Gli errori fanno bene: come sbagliare e avere successo

Sbagliando si impara e solo chi non fa non sbaglia. Sono massime consolatorie e luoghi comuni, che però regalano un briciolo di speranza a chi colleziona fallimenti e sconfitte. D’altronde, la consolazione arriva anche dall’esempio di falliti celebri del passato, come Henry Ford, che fu cacciato dalle industrie automobilistiche prima di costruire la prima Ford, Steve Jobs, licenziato agli albori, o Albert Einstein, pessimo studente. Per realizzarsi, nella vita professionale quanto in amore, ci vuole una profonda riflessione dedicata ai passaggi che portano all’errore che, per sua natura, si ripeterà. Tanto che gli errori divengono parte di un “metodo scientifico e didattico” secondo cui sbagliare diventa il punto di forza per una filosofia di vita che punta… al successo.

Il fallimento positivo

L’errore non porta a un vicolo cieco se analizzato in profondità. Al contrario, conduce a una nuova strada. Insomma, ognuno di noi ha un piano che, sbagli inclusi, prima o poi funzionerà. Non bisogno quindi rinunciare, ma guardare “dentro” a questi errori. Ma come? Le chiavi del fallimento positivo sono il fulcro del libro Elogio del fallimento. Perché sbagliare fa bene (Sperling & Kupfer) di Francesca Corrado, economista, ricercatrice ed ex-fallita, che nel 2017 a Modena ha fondato la Scuola di Fallimento.

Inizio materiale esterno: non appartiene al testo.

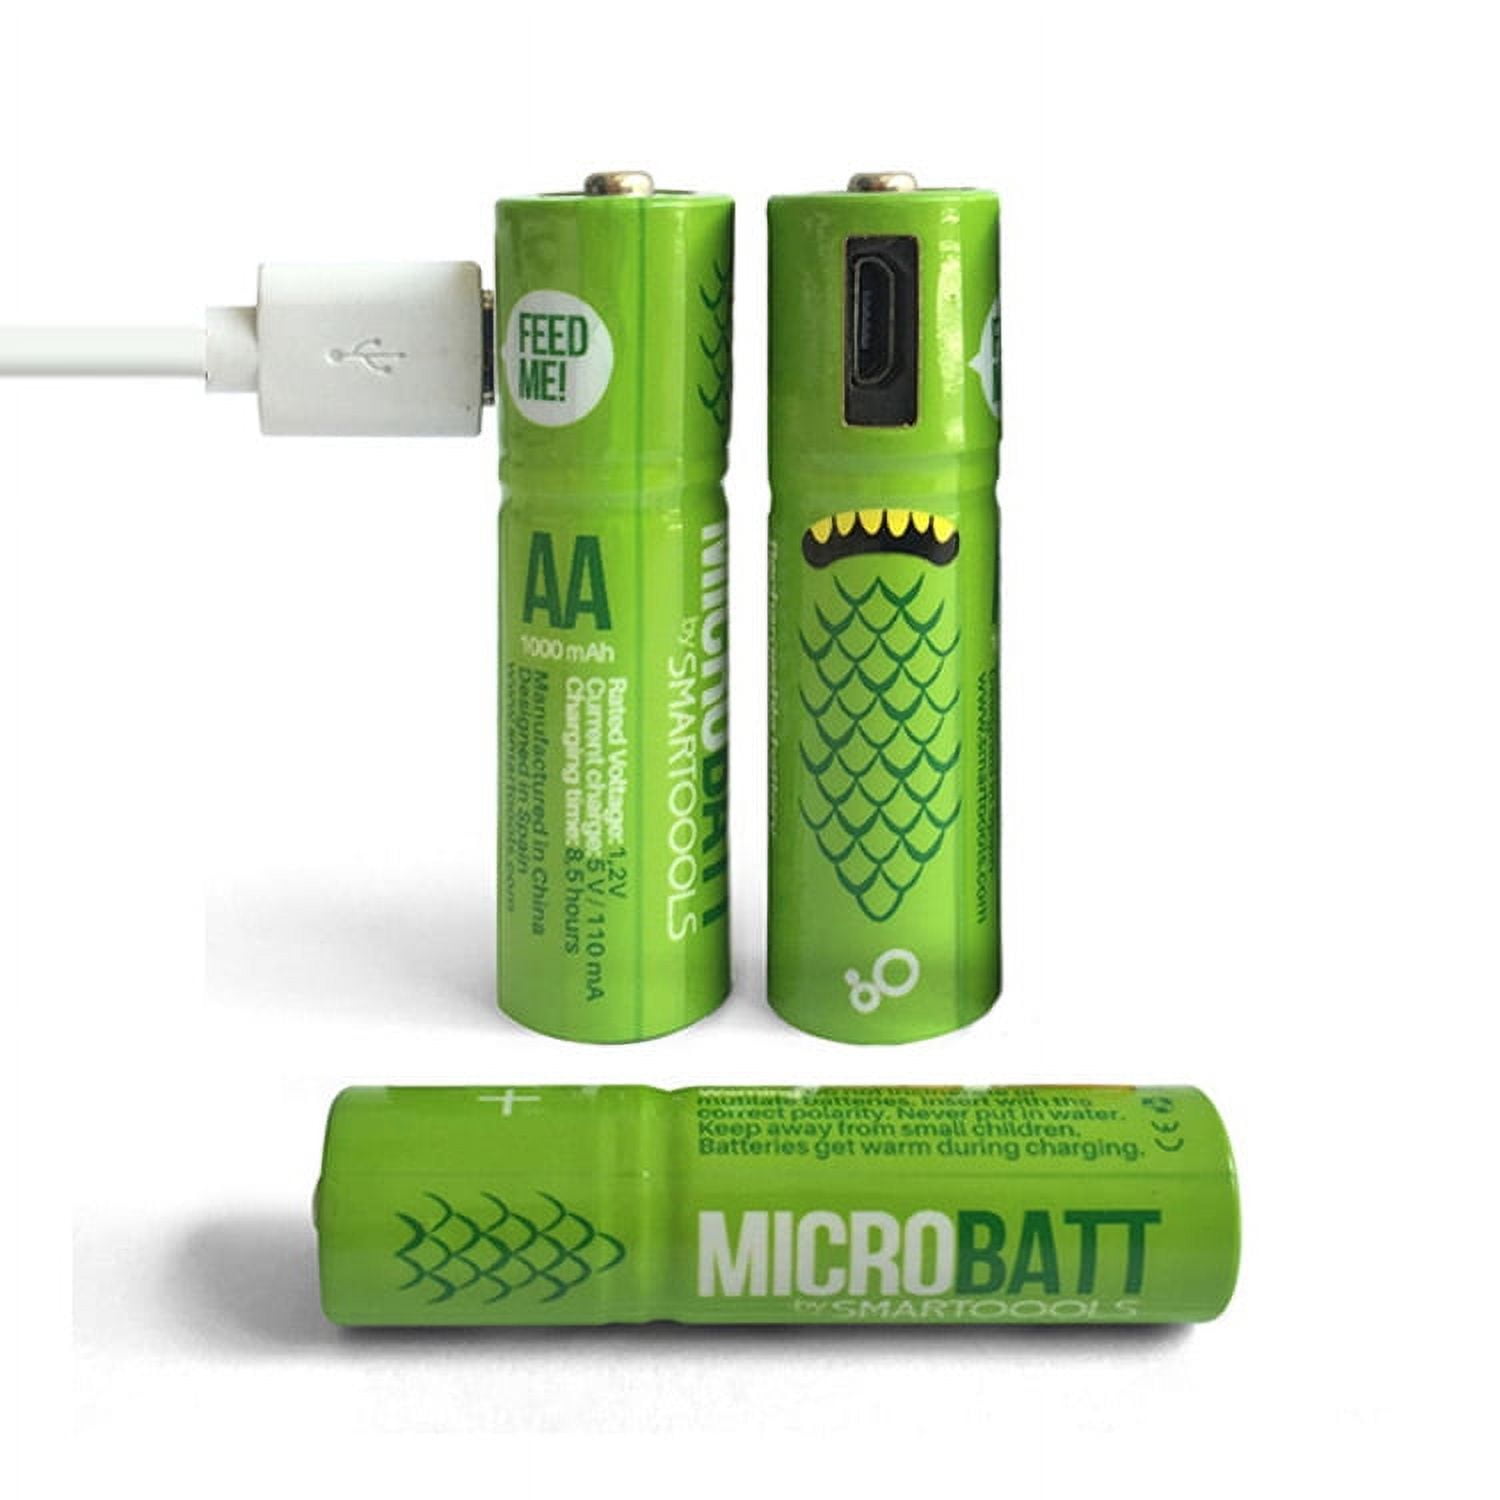 Smartoools USB Rechargeable Batteries 1.2V / 1000mAh Lithium Ion AA Battery  with Micro USB Charging Cable - 2 Pack
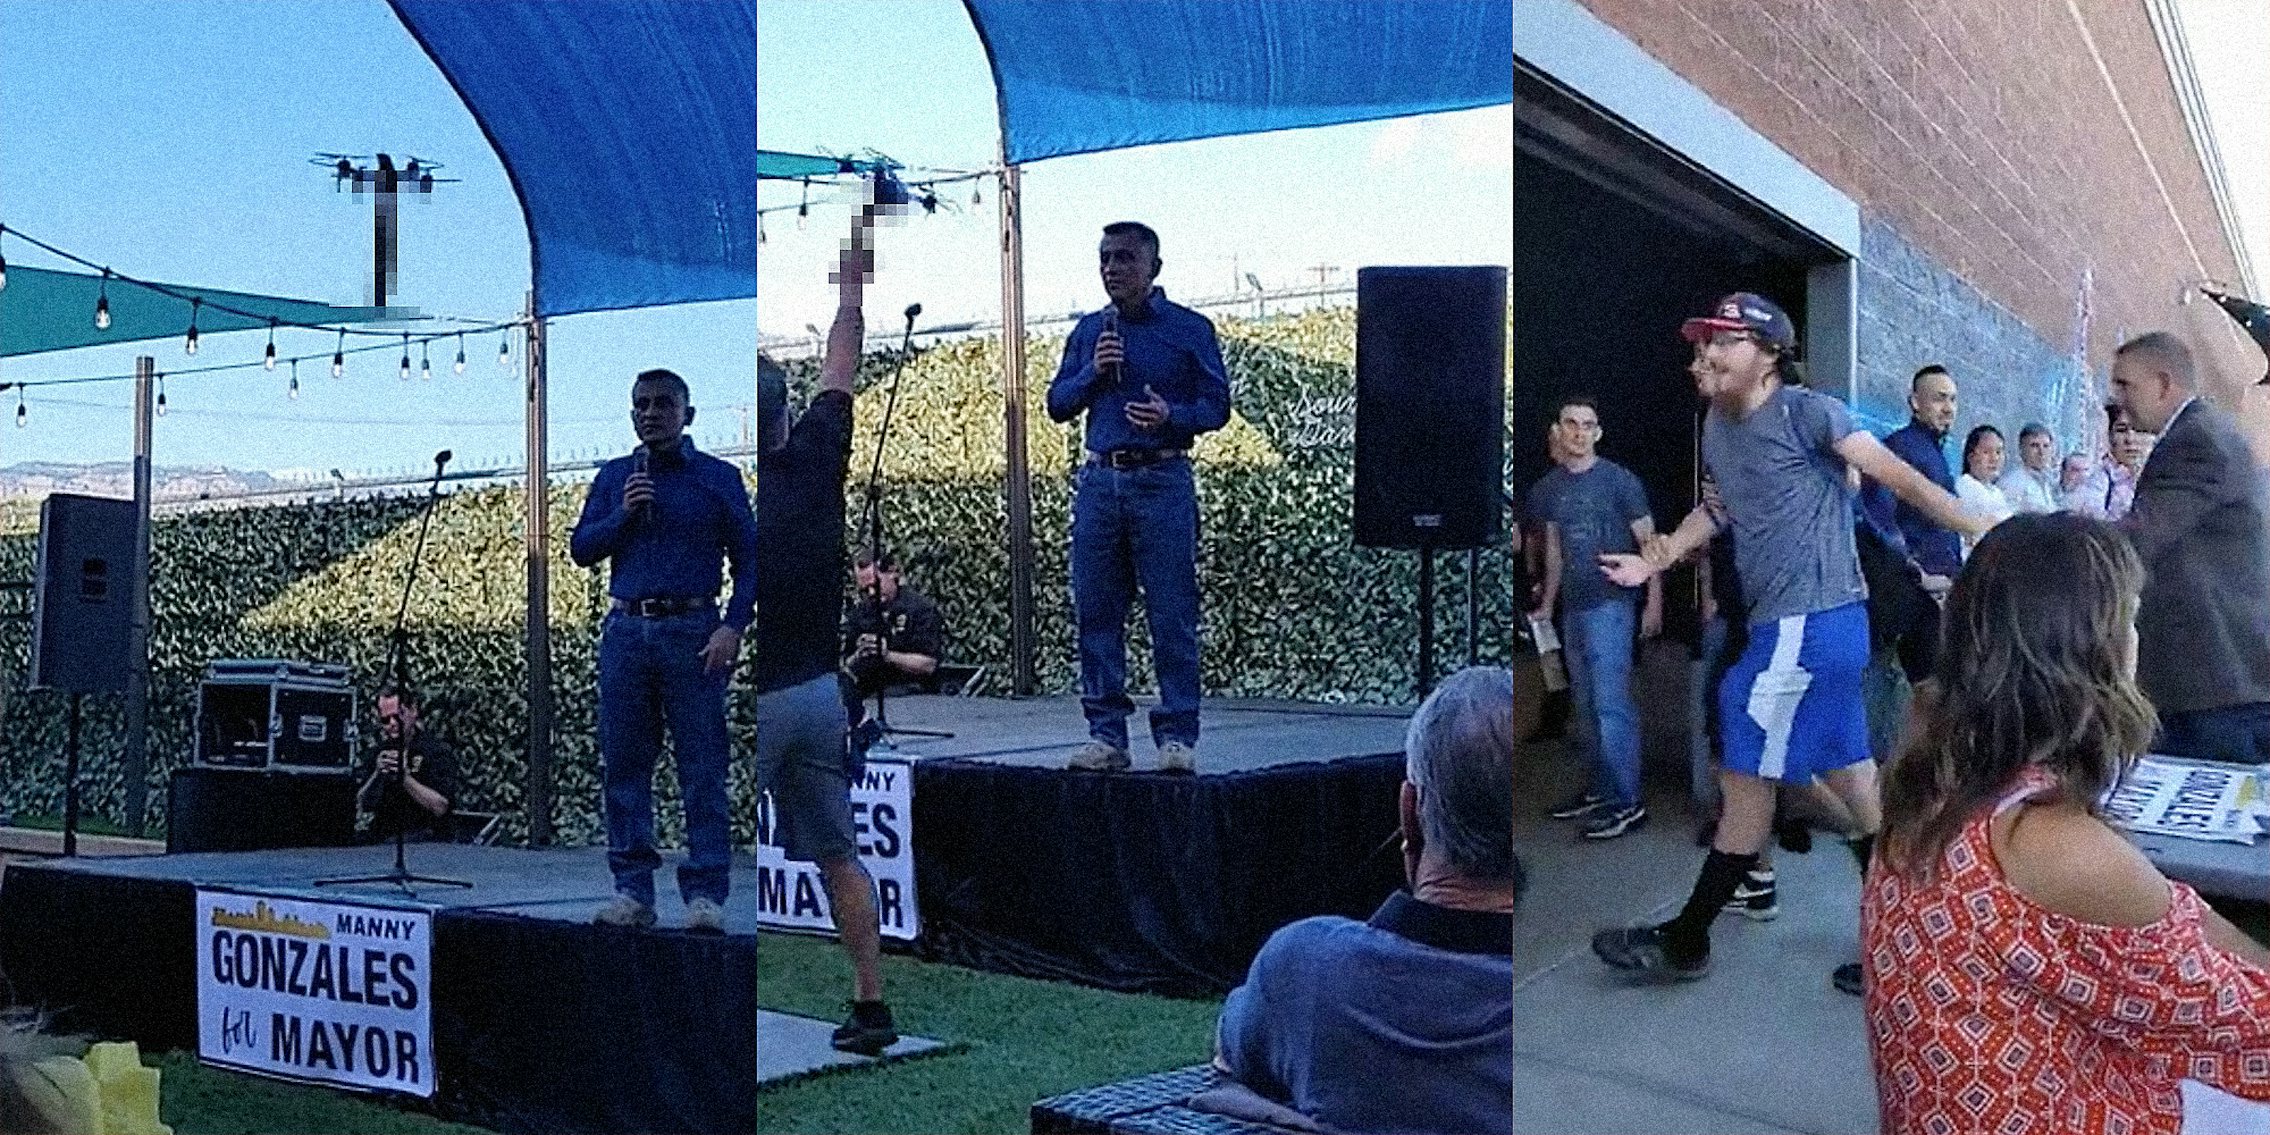 A man on stage (L), a man grabbing a drone (C), and a man being taken away (R).

“Guardare ai propri fallimenti significa lavorare sulla propria consapevolezza, sui propri sogni e obiettivi per fare accadere ciò che si ritiene abbia valore – spiega Francesca Corrado -. Il metodo del fallimento punta a fare emergere le potenzialità delle persone, rafforzandole col tempo”.

Ingranaggi rotti che si possono riparare

Insomma, il fallimento è un feedback per ripensare a ciò che si vuole davvero. “L’errore fa tornare indietro – continua Corrado – rivivere i vari passaggi vissuti, in modo scientifico, e aiuta a proseguire con più tenacia”.

Si può scoprire, ad esempio, di commettere sempre gli stessi errori, basati su una nostra debolezza, o una svista. Semplici ingranaggi rotti che però si possono riparare, e lavorare sull’errore fa diminuire la probabilità di un’ennesima sconfitta futura.

Un piano A, uno B e un piano Z

Per non rinunciare ai propri sogni inoltre è bene disporre contemporaneamente di un piano A, un piano B, e uno Z, riporta Ansa. Se il primo è l’obiettivo da raggiungere il secondo non è un piano alternativo se il primo fallisce, ma lo stesso piano da seguire cambiando le strategie. E il piano Z? È un piano a breve termine, che ha lo scopo di far recuperare le forze e le idee per elaborare un nuovo piano A se i primi due dovessero risultare fallimentari.

Avere un piano Z, quindi, consente di convivere con l’incertezza dei primi due. La cultura (sana) del fallimento, insomma, è la strada vincente per realizzarsi.